The second option open to legal thriller writers is to build up the courtroom drama itself - something at which Scott Turow, for example, excels. In this book, unfortunately, Connelly shows us Haller questioning a lot of witnesses on the stand, but he has to keep telling us what's important about the testimony, because he assumes we don't understand. OR, what happens is so predictable (again, no spoilers) that we sigh when the plot-twist arrives. There is a major turn at the end of the trial, but this is so extreme and, really, so out-of-character for the person involved, that it just seems silly.

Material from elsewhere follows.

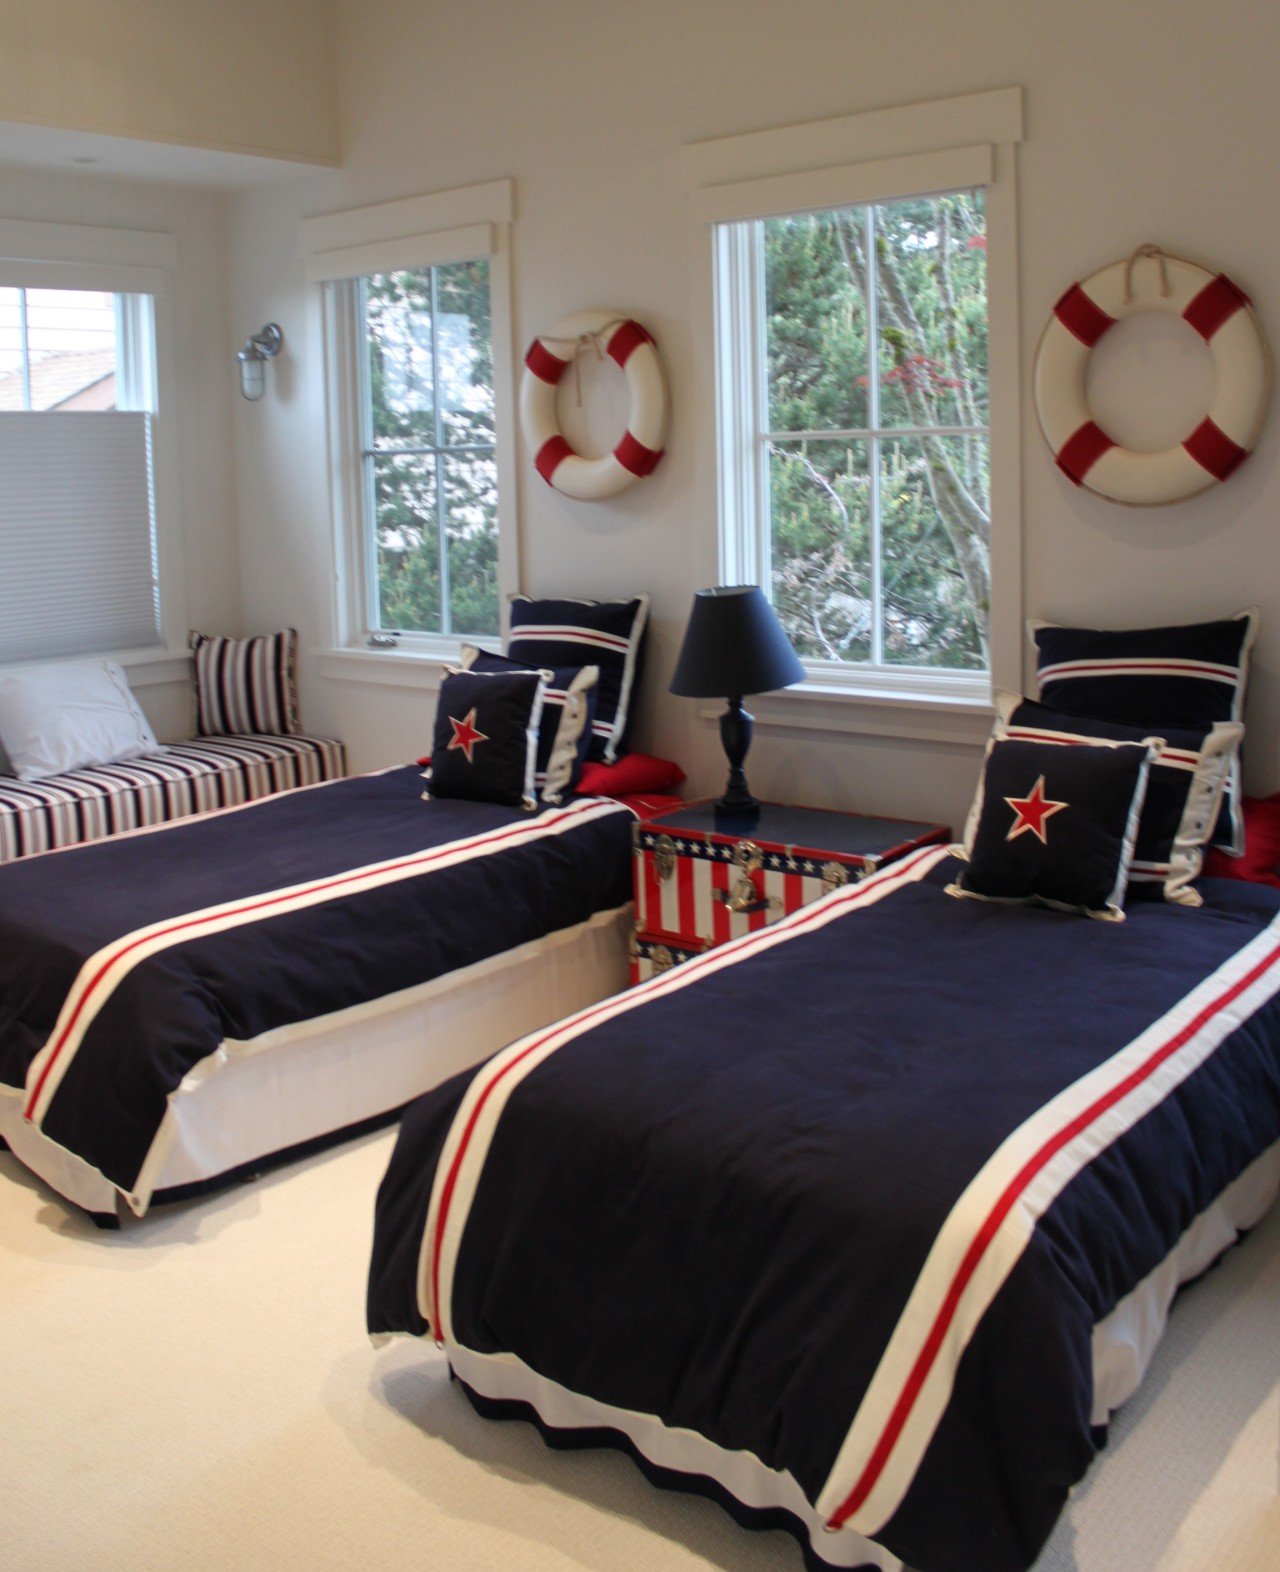 Спальня с двумя кроватями для подростков

A symptom of how badly Connelly has misjudged this book is in the title itself: The Gods of Guilt. Haller tells us this is his name for the jury in a trial, because they're the ones who'll determine whether the accused is guilty or not. Well, OK ... but it's such a crap name for them I can't imagine anyone speaking the words out loud. But Haller does, on several occasions, and it just sounds lame. He'd just call them 'the jury', surely? Calling them Gods does them no favours and doesn't elevate the book to any kind of meditation on the justice system and its good or bad points, which is perhaps what he was intending.

I used to really look forward to a new Connelly. Now I'm starting to open the books a little more gingerly and hope he can get back to the standard of The Poet or The Narrows. Though I'm not holding out much hope.